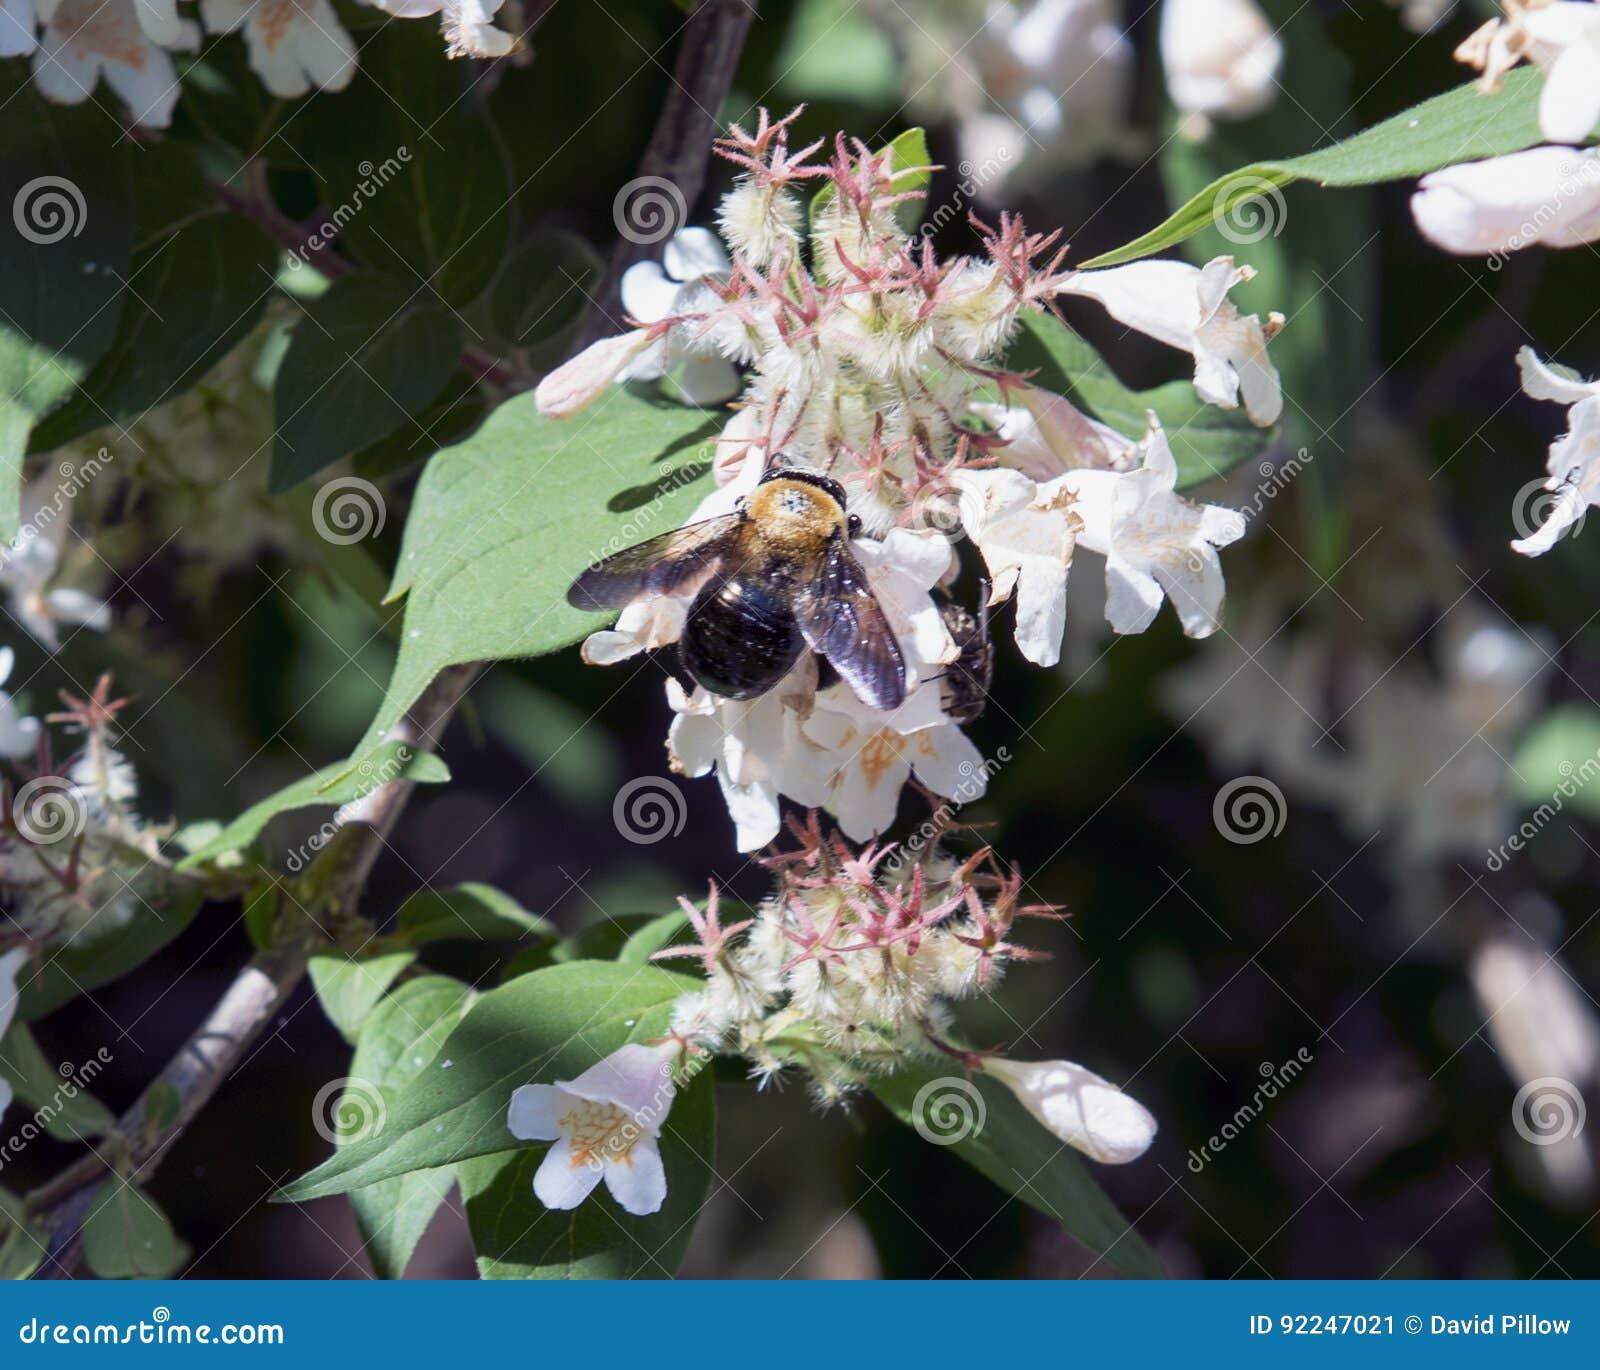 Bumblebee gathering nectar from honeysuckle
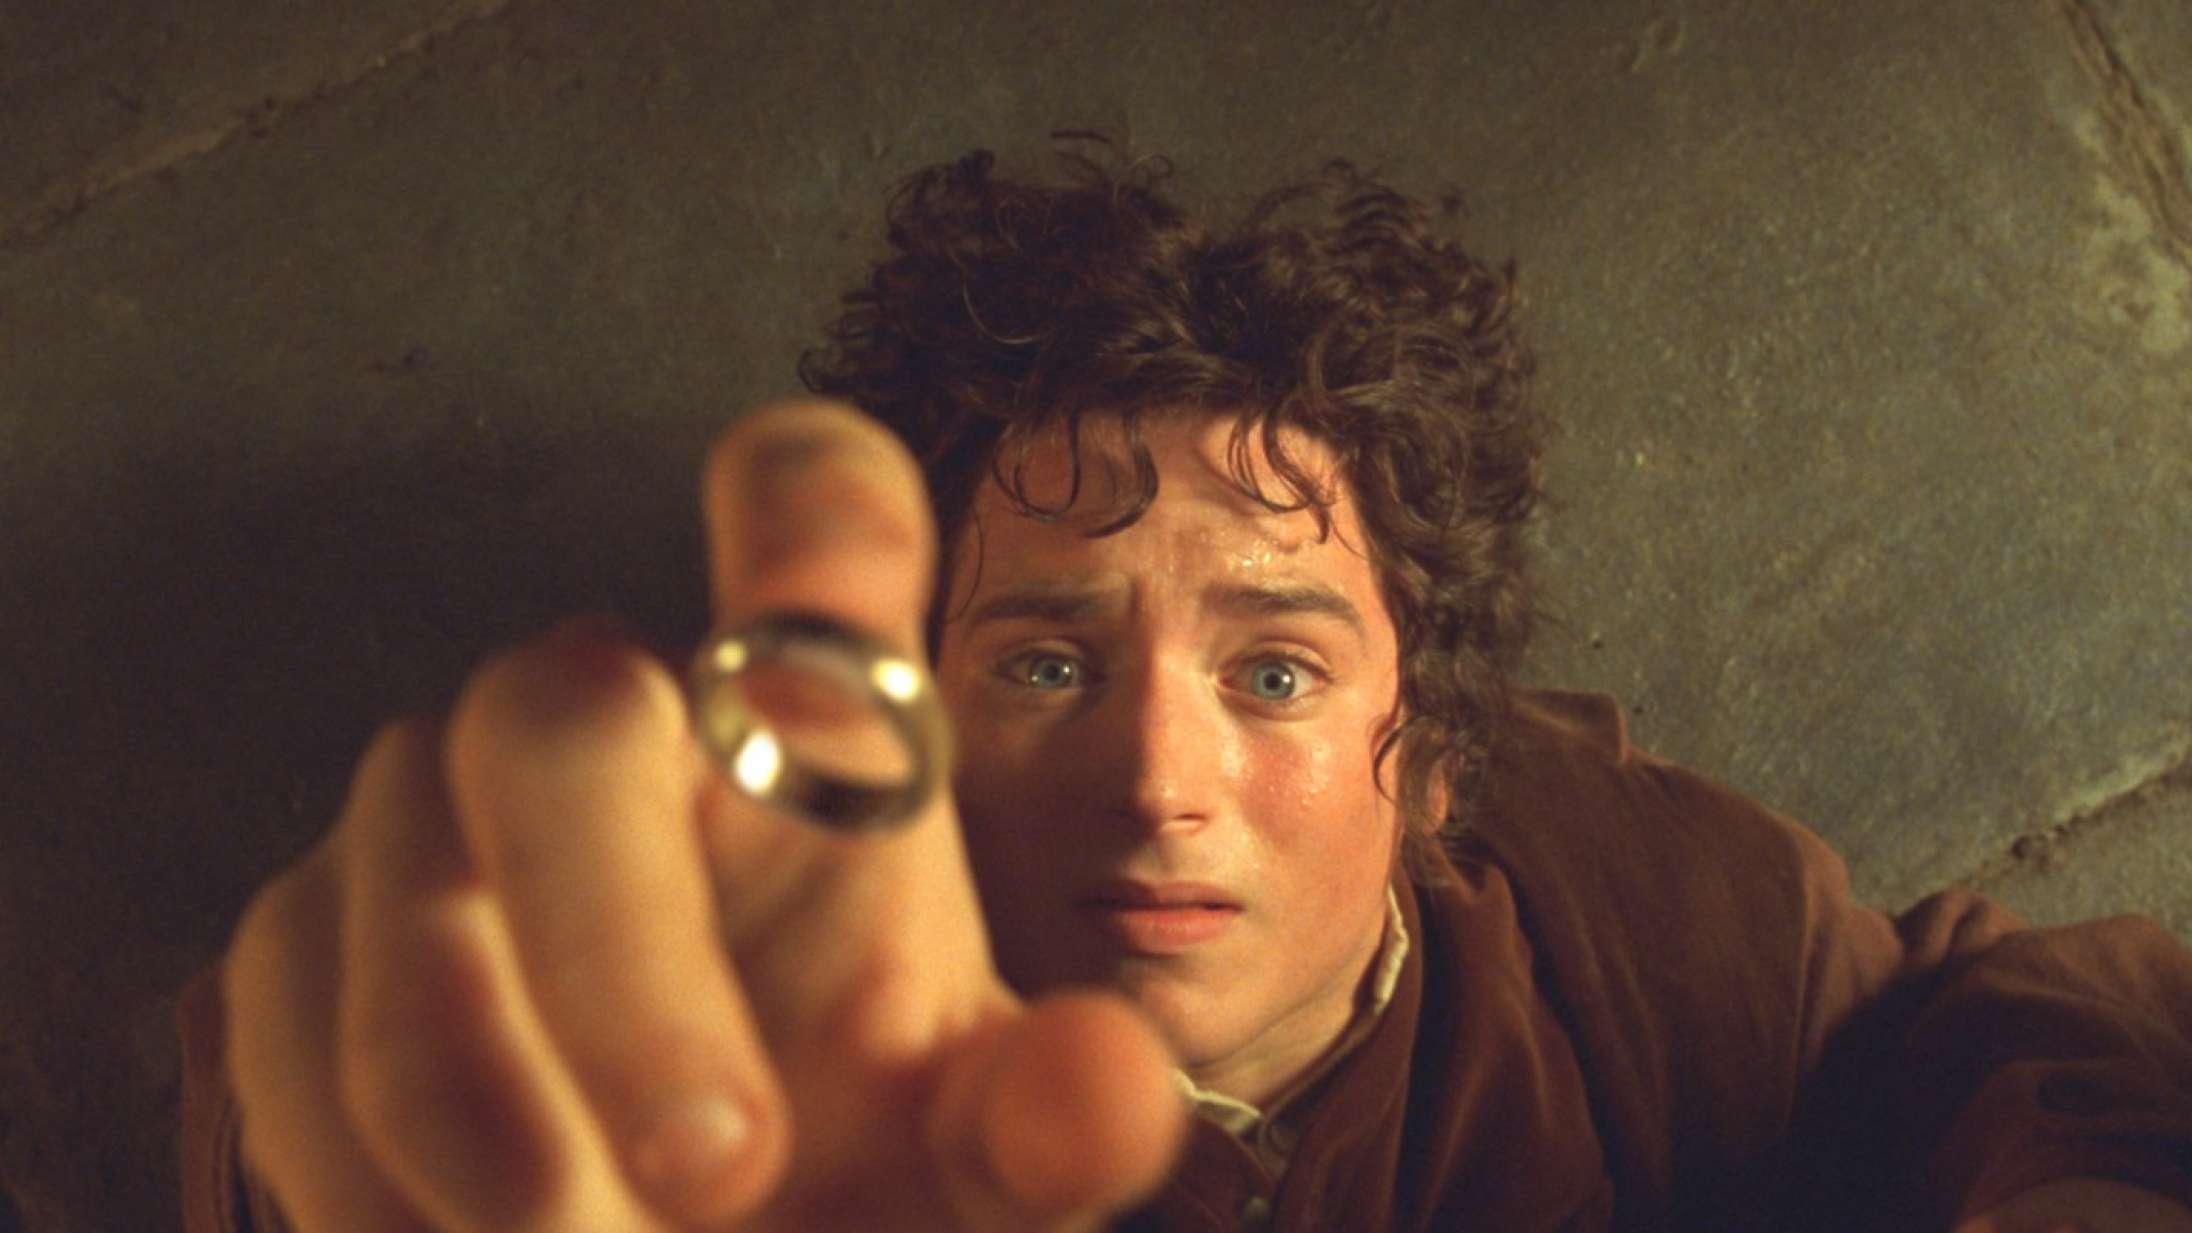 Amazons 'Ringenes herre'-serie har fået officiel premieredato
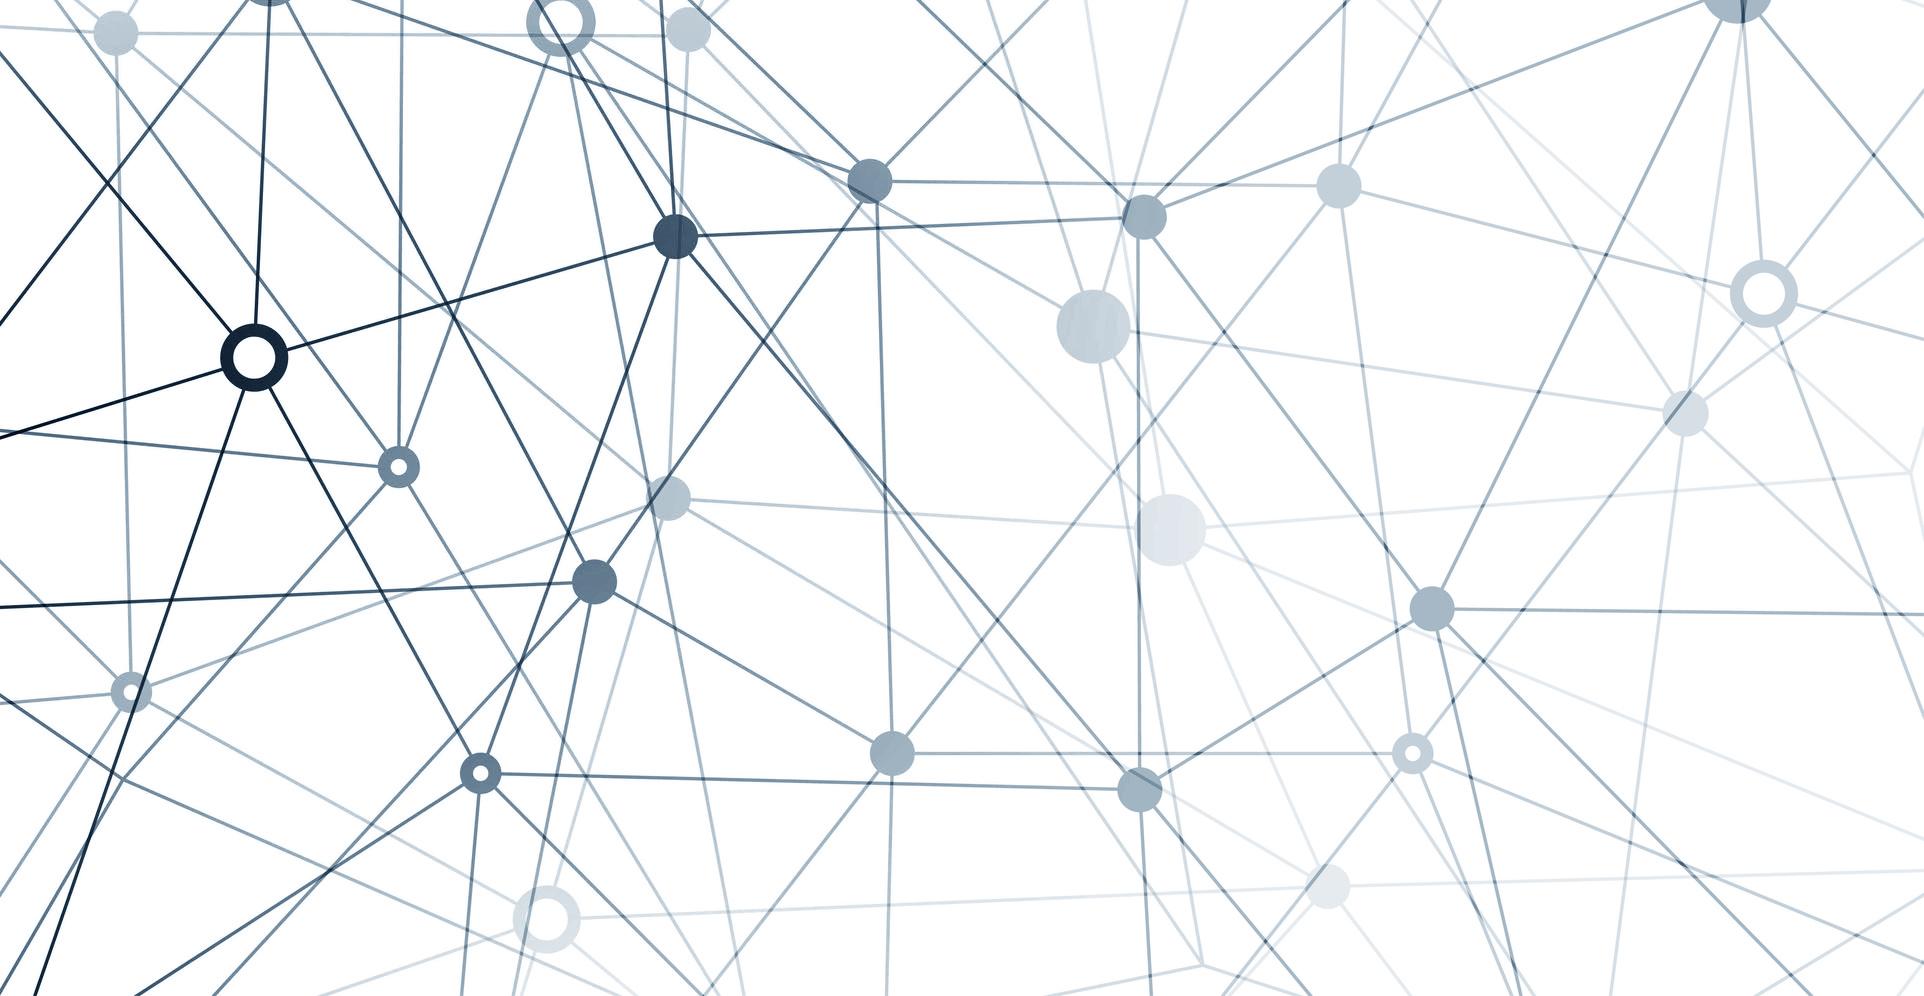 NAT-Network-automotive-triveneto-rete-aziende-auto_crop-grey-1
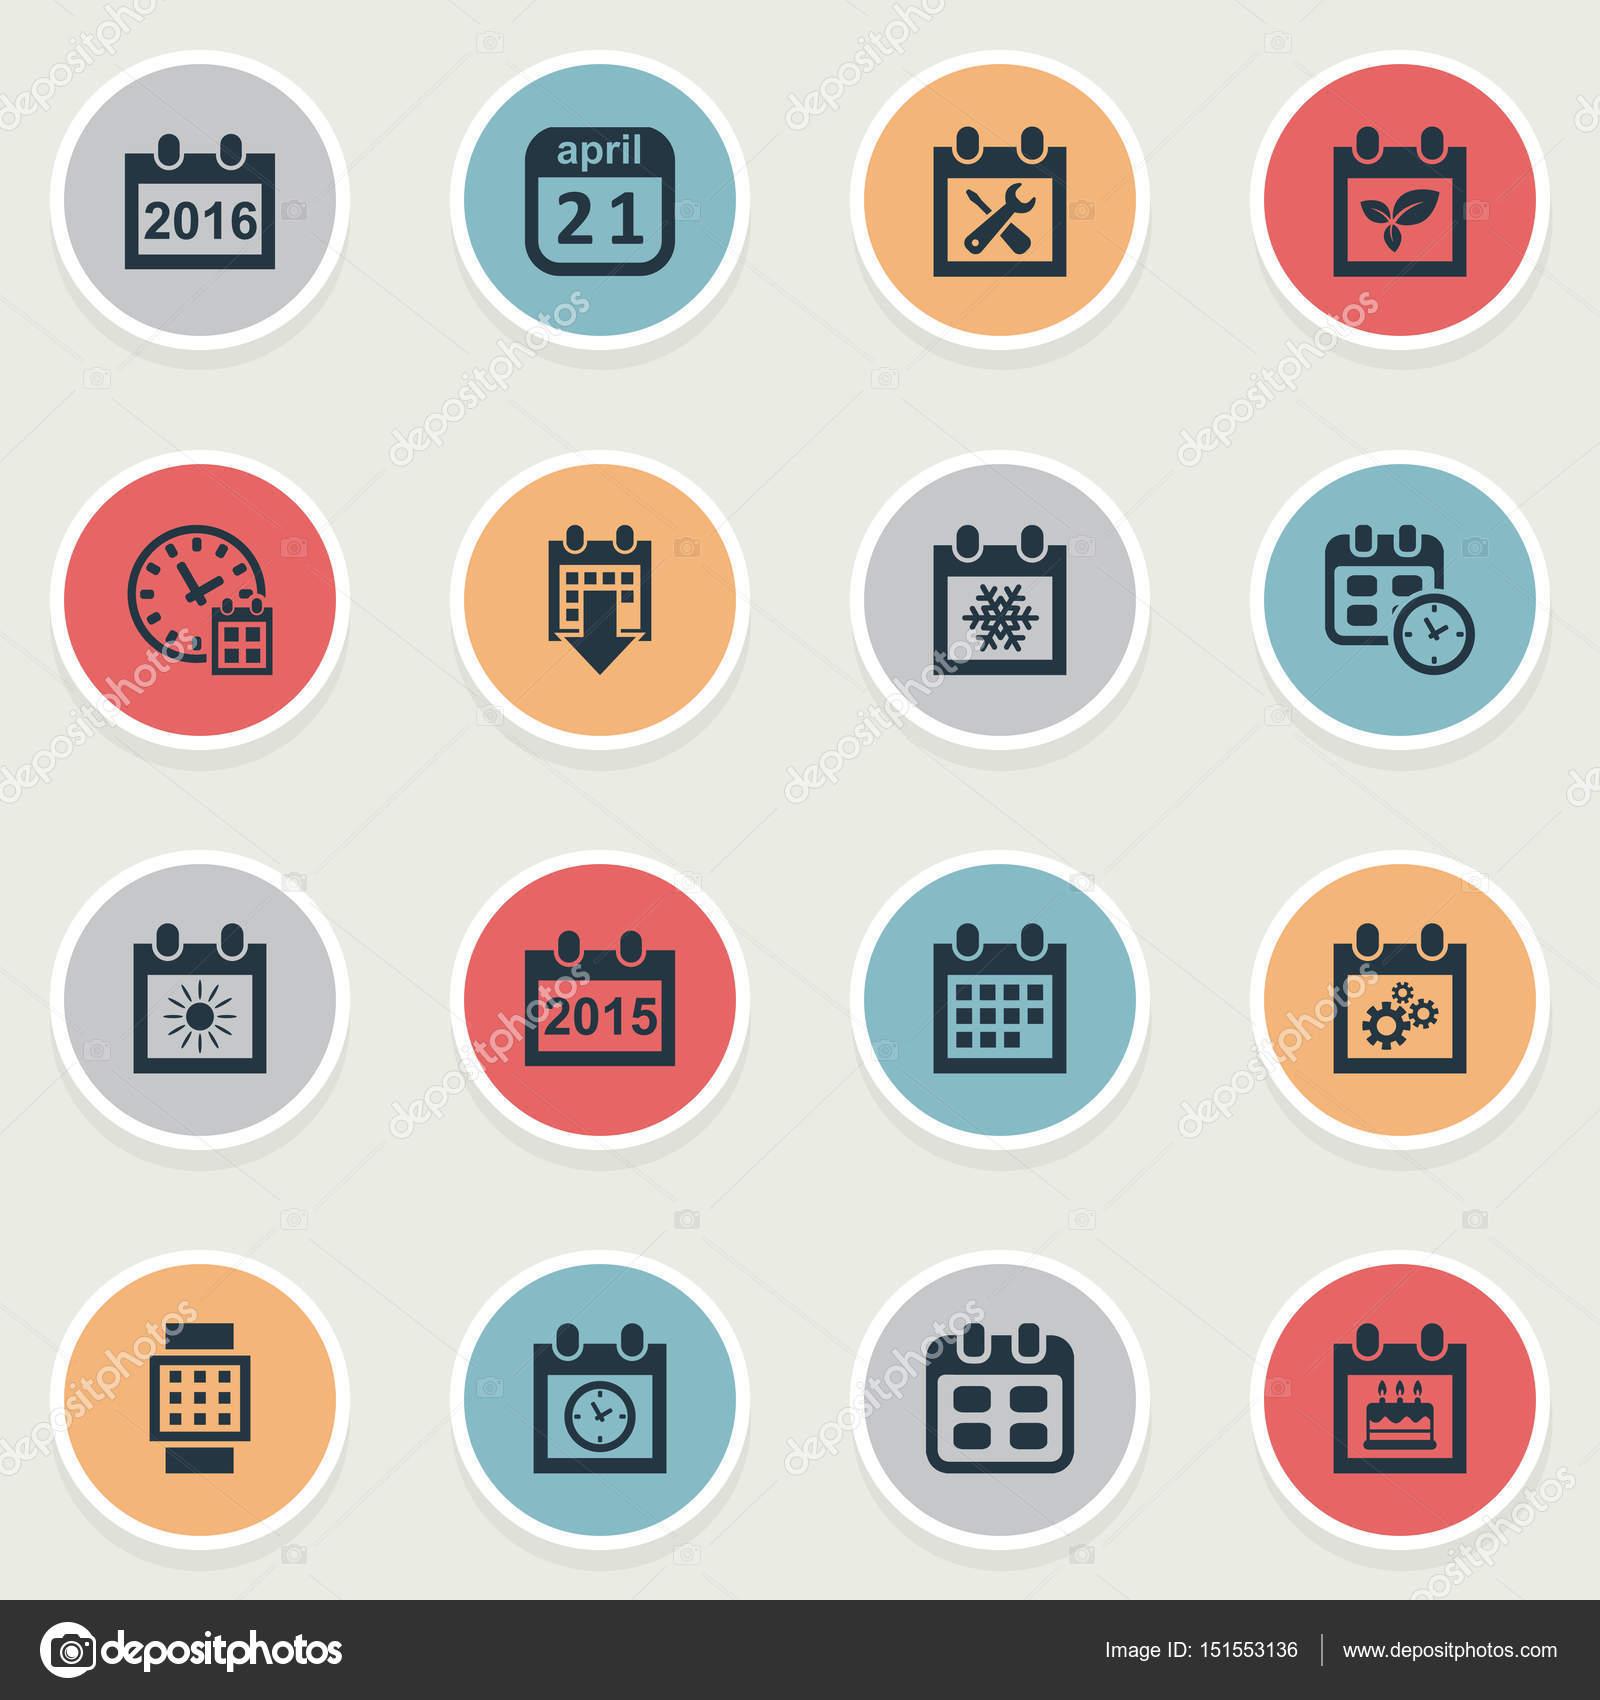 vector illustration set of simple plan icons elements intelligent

----------

▶ _EXERCISE REQUIREMENTS_: The response must restate each line of the material above exactly and contain no images.

▶ _EXERCISE RESULT_:
 Bumblebee gathering nectar from honeysuckle
 Amazons 'Ringenes herre'-serie har fået officiel premieredato
 NAT-Network-automotive-triveneto-rete-aziende-auto_crop-grey-1
 vector illustration set of simple plan icons elements intelligent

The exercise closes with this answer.